The 2022 Note Purchase Agreement contains customary representations and warranties of the company, as well as certain customary covenants, including, without limitation, financial covenants generally consistent with those applicable under the company's revolving credit facility. The company was in compliance with all covenants as of October 31, 2022.
7.8% Debentures
In June 1997, the company issued $175.0 million of debt securities consisting of $75.0 million of 7.125% coupon 10-year notes and $100.0 million of 7.8% coupon 30-year debentures. The $75.0 million of 7.125% coupon 10-year notes were repaid at maturity during fiscal 2007. In connection with the issuance of $175.0 million in long-term debt securities, the company paid $23.7 million to terminate three forward-starting interest rate swap agreements with notional amounts totaling $125.0 million. These swap agreements had been entered into to reduce exposure to interest rate risk prior to the issuance of the new long-term debt securities. As of the inception of one of the swap
agreements, the company had received payments that were recorded as deferred income to be recognized as an adjustment to interest expense over the term of the new debt securities. As of the date the swaps were terminated, this deferred income totaled $18.7 million. The excess termination fees over the deferred income recorded was deferred and is being recognized as an adjustment to interest expense over the term of the debt securities issued.

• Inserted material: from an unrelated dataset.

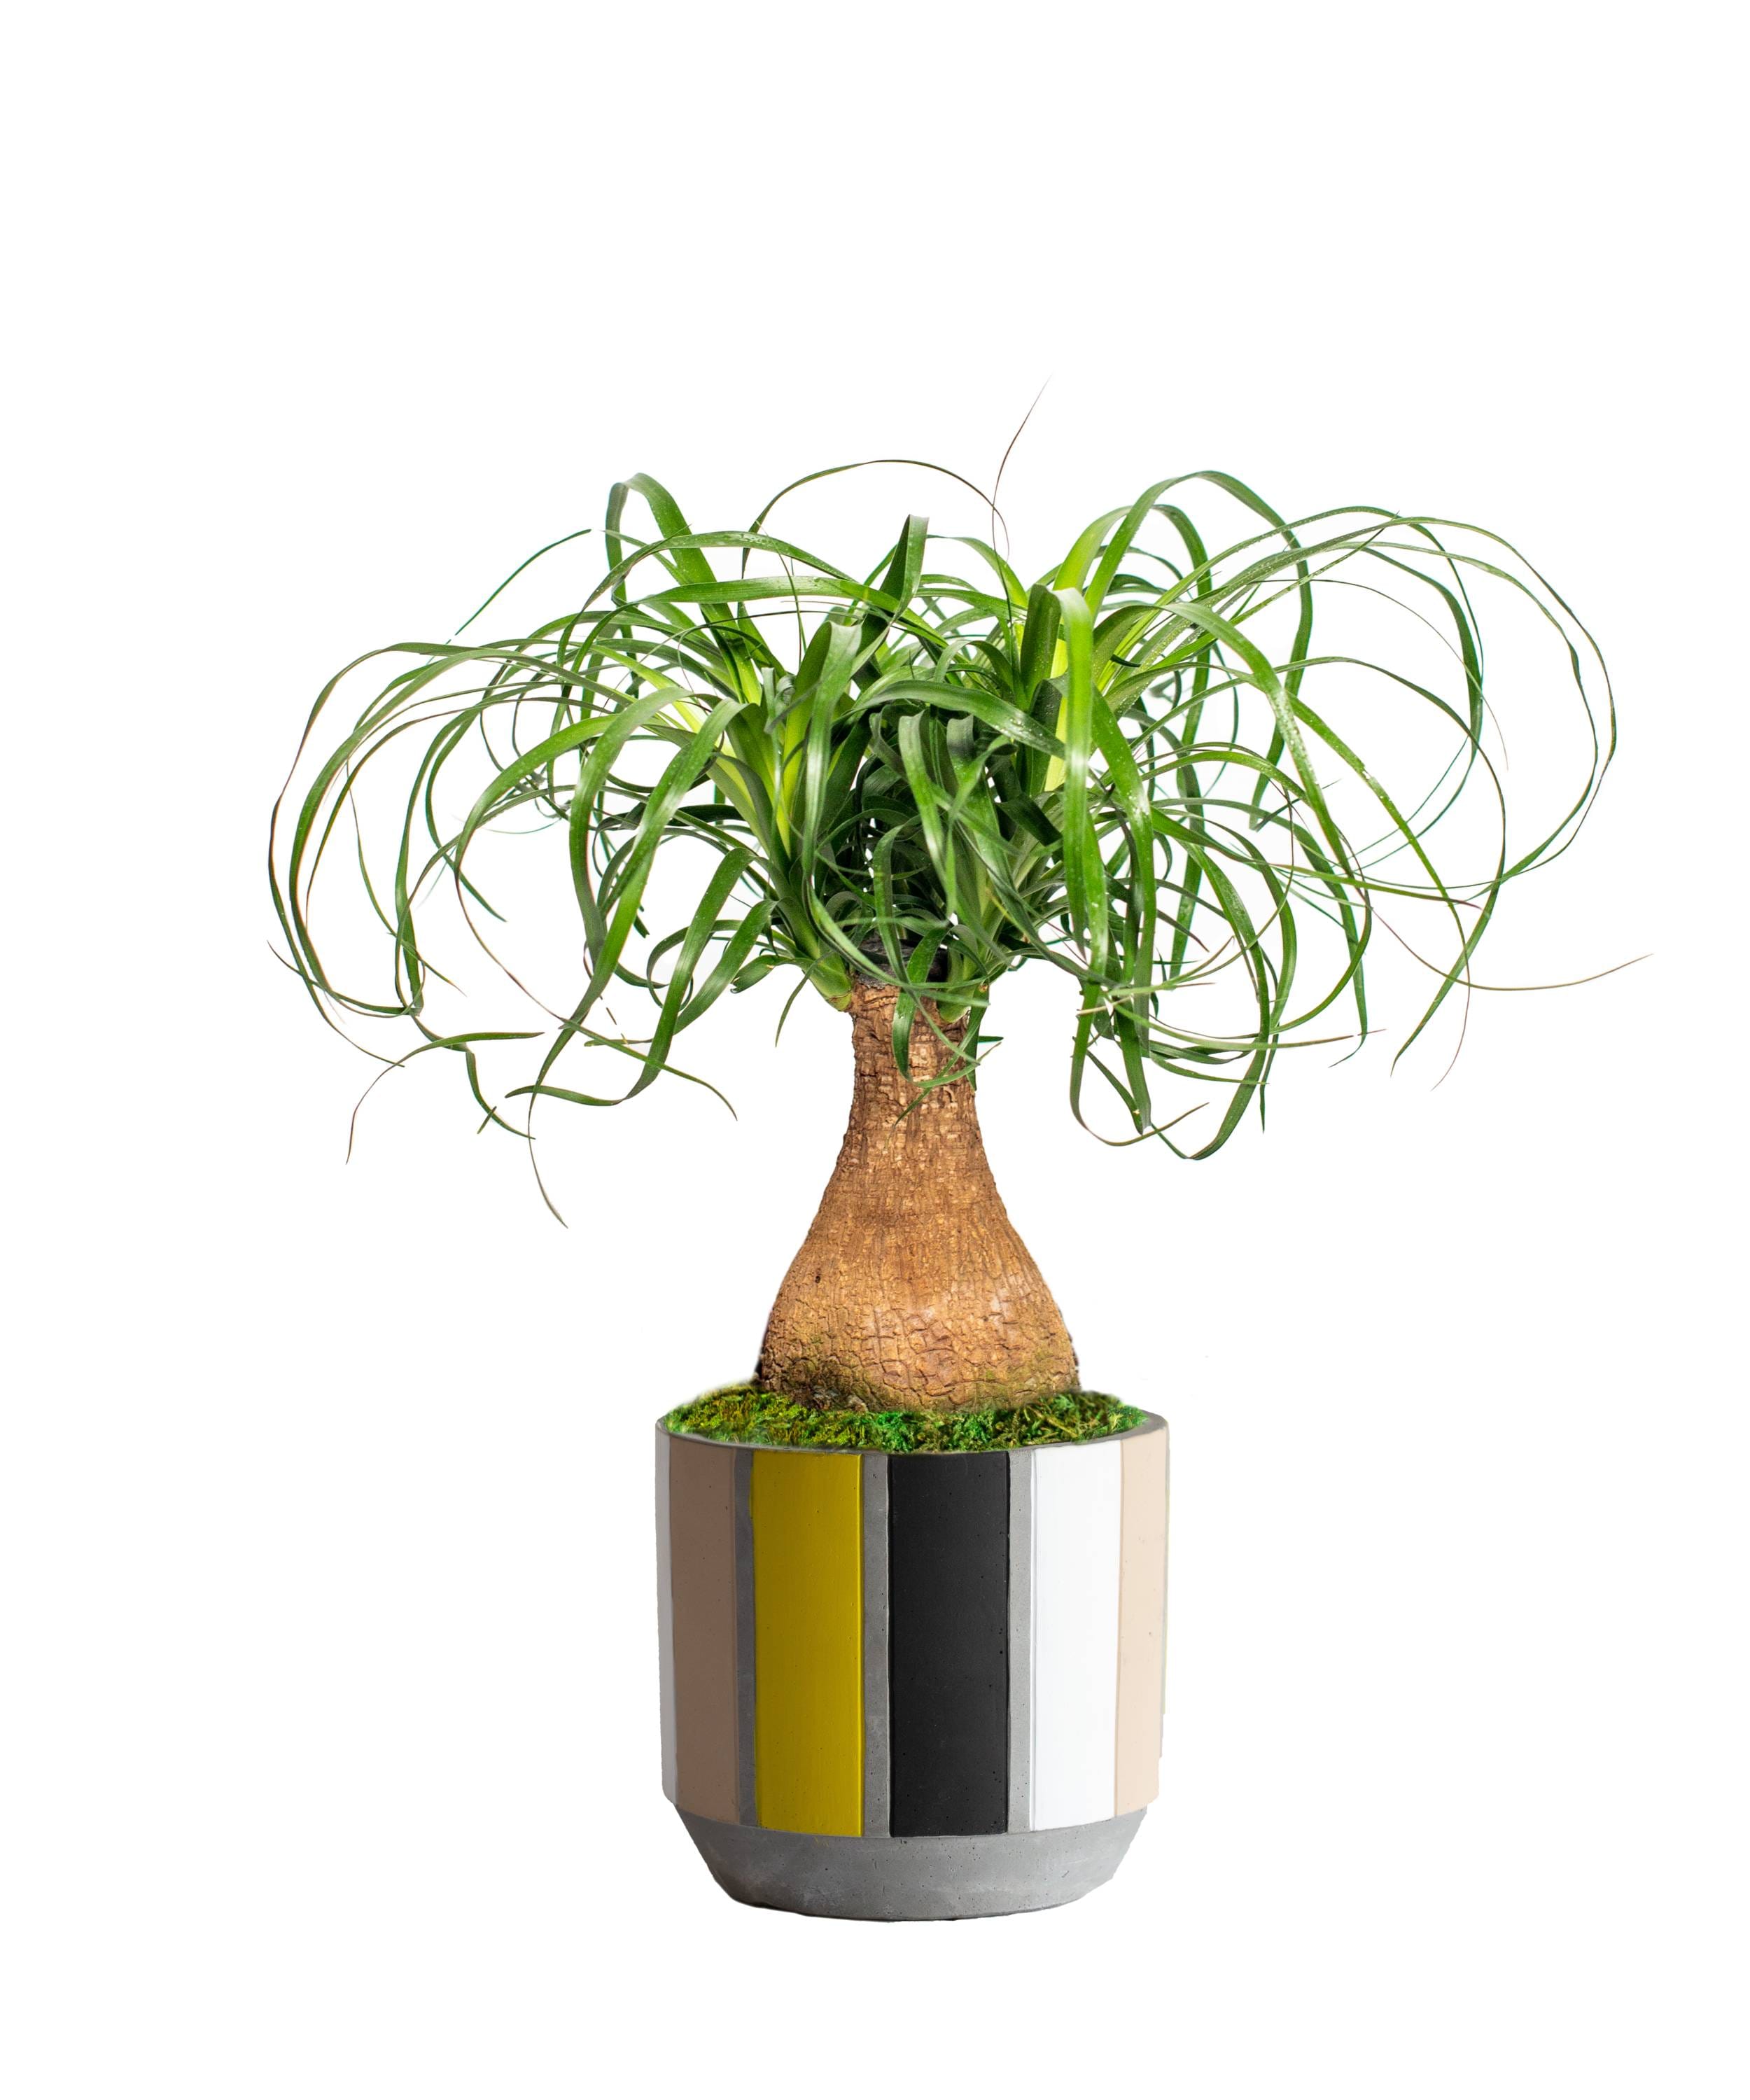 Urban Leaf - Suction Cup Shelf for Plants Window Bathroom or Kitchen

Interest on the debentures is payable semiannually on the 15th day of June and December in each year. For each of the fiscal years ended October 31, 2022, 2021, and 2020, the company incurred interest expense of $8.0 million, respectively.
6.625% Senior Notes
On April 26, 2007, the company issued $125.0 million in aggregate principal amount of 6.625% senior notes due May 1, 2037 and priced at 98.513% of par value. The resulting discount of $1.9 million is being amortized over the term of the notes using the straight-line method as the results obtained are not materially different from those that would result from the use of the effective interest method. Although the coupon rate of the senior notes is 6.625%, the effective interest rate is 6.741% after taking into account the issuance discount. The senior notes are unsecured senior obligations of the company and rank equally with the company's other unsecured and unsubordinated indebtedness. The indentures under which the senior notes were issued contain customary covenants and event of default provisions. The company may redeem some or all of the senior notes at any time at the greater of the full principal amount of the senior notes being redeemed or the present value of the remaining scheduled payments of principal and interest discounted to the redemption date on a semi-annual basis at the treasury rate plus 30 basis points, plus, in both cases, accrued and unpaid interest. In the event of the occurrence of both (i) a change of control of the company, and (ii) a downgrade of the notes below an investment grade rating by both Moody's Investors Service, Inc. and Standard & Poor's Ratings Services within a specified period, the company would be required to make an offer to purchase the senior notes at a price equal to 101% of the principal amount of the senior notes plus accrued and unpaid interest to the date of repurchase.
Interest on the senior notes is payable semiannually on the 1st day of May and November in each year. For each of the fiscal years ended October 31, 2022, 2021, and 2020, the company incurred interest expense of $8.4 million, respectively.